People still tend to start with the question “What platform are we going to use?” because, historically, it’s been a really important one. Back in the day, progress was slow and the costs of being wrong were astronomically high.

These days though, compared to some of the other decisions you need to make, platform choice is a relative doddle.

Why do I say this? Because the CMS market is commoditised, modern and highly competitive.

  • There are free/open source solutions that are as good as (or better than) anything you pay through the nose for
  • There’s a huge number of agencies who will compete with each other for your business and this keeps prices constantly low
  • The majority of features you could ever want from a content management system are now standardised and distributed across the marketplace. Anyone telling you otherwise is selling you something
  • As features increase; costs shrink. As costs shrink, the traditional organisational worries about sunk costs and having a product that’s wrong become less important

Indeed from a given list of modern, open source content management systems, you’d have to be going some to get a bad fit for 99% of organisations.

So having made a broad and eye-catching statement like that, let me now run through a brief list of actual interesting questions to ask about your CMS project.

1. What is my content strategy?

Back in the day, agencies would be asked by their customers “Will the section headings be editable by admins?” and then we’d go to quite a lot of trouble to make sure that the section headings were in fact editable by admins.

What agencies should have been doing instead was investigating why the section headings needed to be editable in the first place.

If you nail the content strategy – if you develop content and a structure that speaks to the requirements of your actual customers – then the need to make structural changes to your site should be, while not removed entirely, at least put on a slower and more predictable timetable.

2. Who is driving this project?

This is somewhat related to content strategy but deserves its own section. One of the reasons that a content strategy is needed is that the fundamental question “Who is the audience for this site?” can have multiple, arguably correct answers depending on who inside the organisation you ask.

And sometimes the reason that you have multiple answers to the question is because two (or more!) departments or individuals within the customer’s organisation have competing opinions about the fundamentals of the project: what it’s for, what the outcomes and priorities should be… etc.

Resolving these tensions can be difficult, even for members of the customer’s team. For employees of an outside agency the difficulty increases exponentially but, worst of all is when an attempt is made to solve a problem like this with the top down application of a technology choice. Drupal has many skills but senior management negotiation is not one of them.

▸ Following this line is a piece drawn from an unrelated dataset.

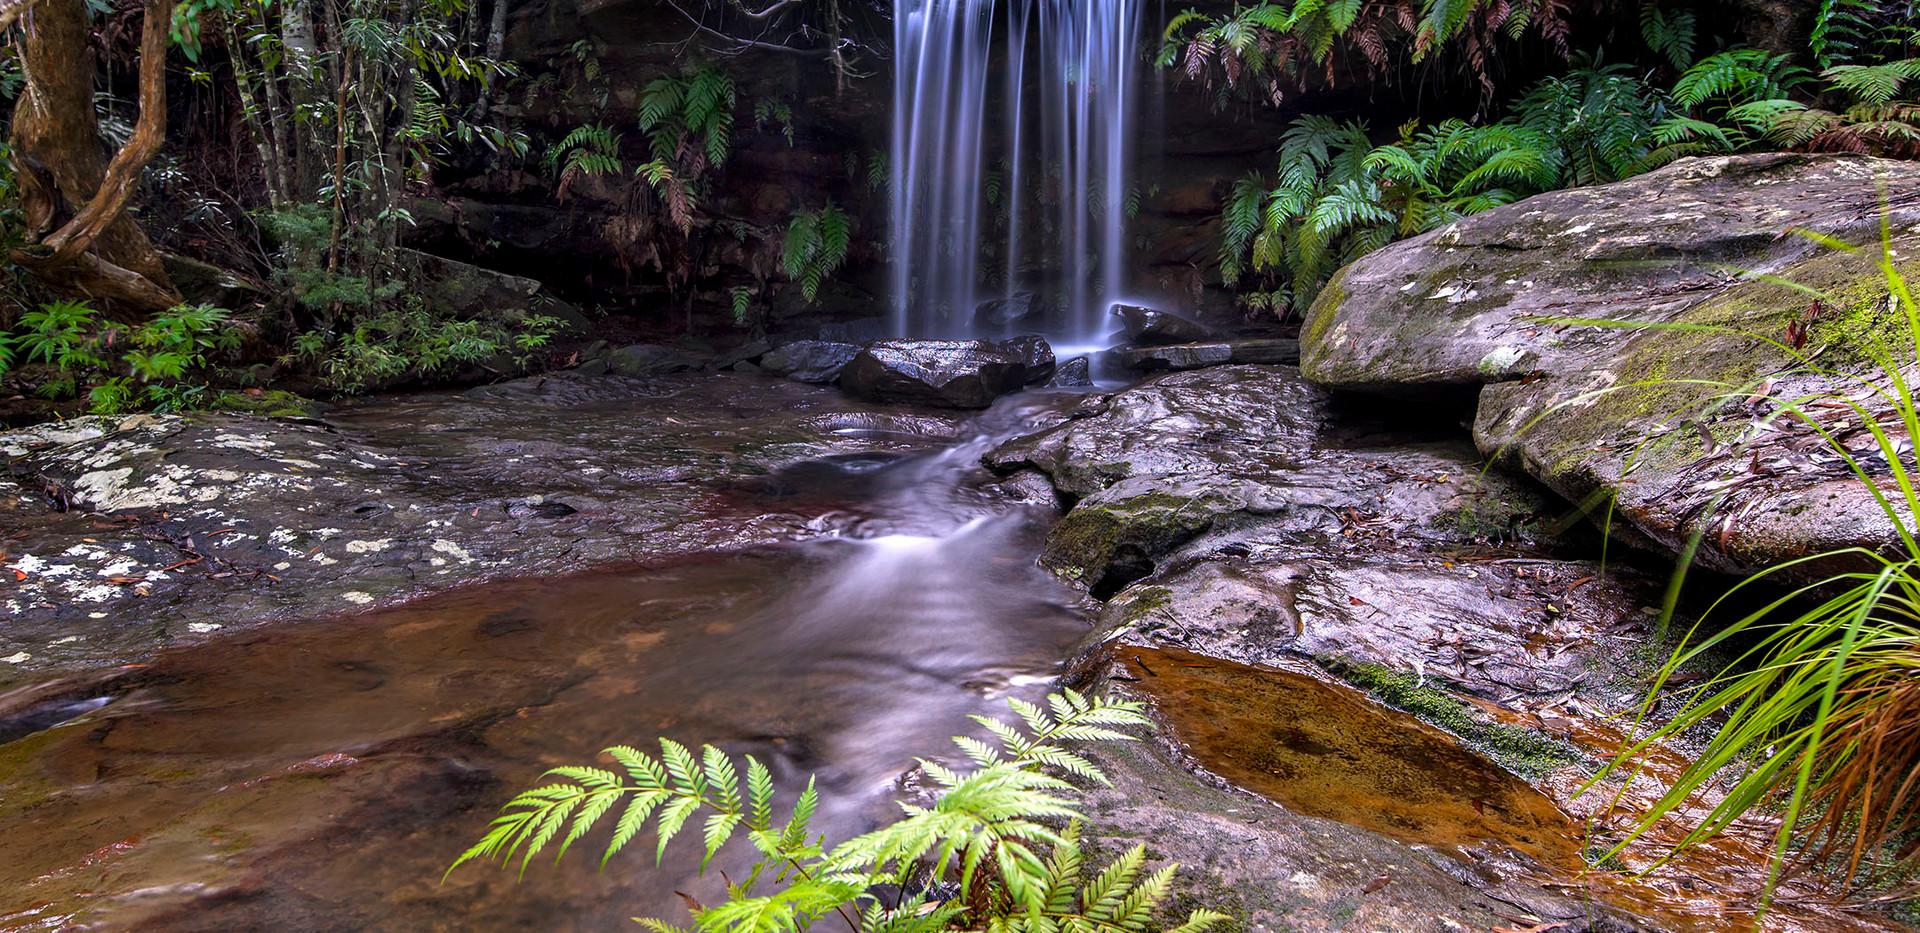 Girrakool Waterfall

3. Who are the audiences for this new CMS?

Is this a site made to make the company look attractive to customers? Or is this a site that is designed to make an internal task easier for the admins of the site? Or both? None of these answers are wrong but failing to ask the question can result in tens of thousands of pounds being spent on something of little demonstrable value to the customer.

So in summary then…

Asking the above questions is a far better use of your time in the run up to starting a project than asking questions about Wagtail vs WordPress.

You can take this one step further and use the same approach in selecting an agency: When you first engage with them, do they talk about the platform and technology choice or about how they’re going to help you increase your reach, or implement a content strategy? Or how they’ll help affect change within your organisation?